4. The word 'removal' as used in Article 311 of the Constitution has been the subject of discussion in several reported cases. It has been held in :-- 'Shyam Lal v. State of Uttar Pradesh', 1954 SC 369 (AIR V 41) (B), that the word 'removal' as used in Article 311 cannot be made applicable to every termination of service. It covers only that termination of service which is made as a penalty for misconduct or on a person being found guilty of certain charges.
A termination of service under a contract has not been held to be a removal within the meaning of Article 311 of the Constitution. The termination of the service of appellant being a termination of service simpliciter und'ier the contract cannot be covered by the word 'removal' as used in Article 311 of the Constitution & the provisions of Article 311 would therefore not be attracted in the present case.
A similar view was taken in -- 'Smt. Anima Munshi v. Engineer-in-Chief and General Manager, Calcutta', 1954 Cal 561 (AIR V 41) (C), by the same learned Judge who decided the earlier case, 1954 Cal 495 (AIR V 41) (A).
5. It has further been argued on behalf of the appellant that the termination of the services of the appellant was not done by an officer competent to dismiss or remove the appellant and the provisions of Clause (1) of Article 311 had been infringed.

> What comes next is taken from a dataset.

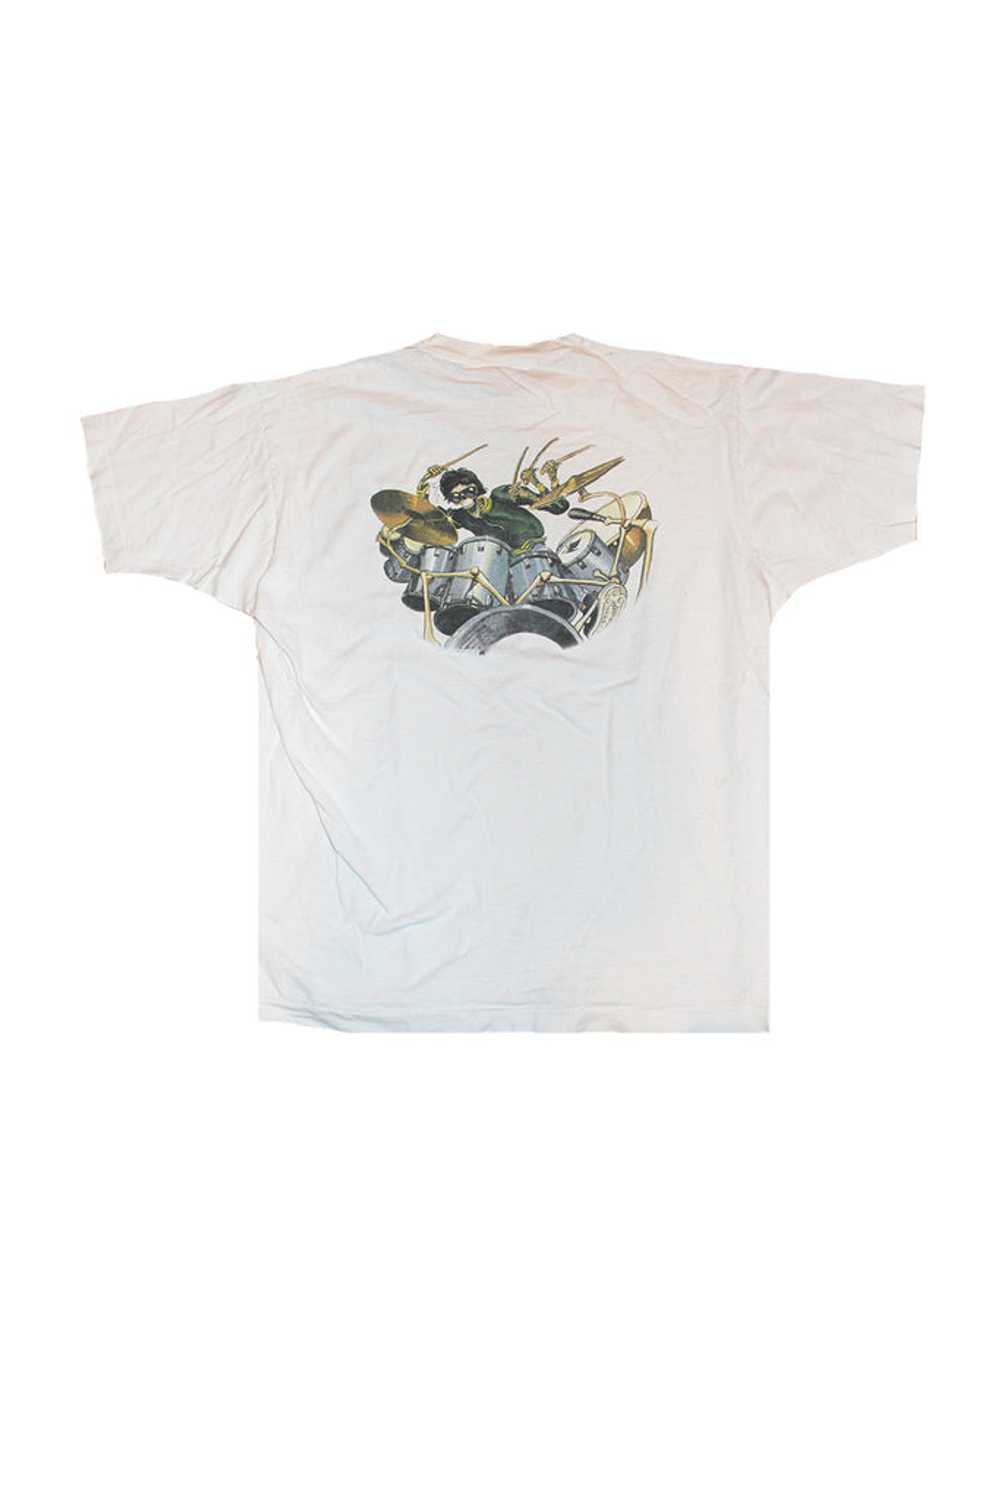 Vintage 80's Grateful Dead Rhythm Devils T-Shirt - image 4

In this clause also it is only the removal or dismissal of a servant which should be done by a person who was the appointing authority and if the removal or dismissal is done by a person who was not the appointing authority it would be open to the person whose services have been terminated to seek redress by an application under Article 226.
If, however, the termination of a service is not covered by the word 'removal' the provisions of Clause (1) of Article 311 would also not be attracted. It would thus appear that the appellant had, made out no good case for seeking any of the relief sought in the petition for a writ and his petition was rightly rejected by the learned single Judge of this Court.
6. The appeal has, therefore, no force and is dismissed with costs to the opposite party.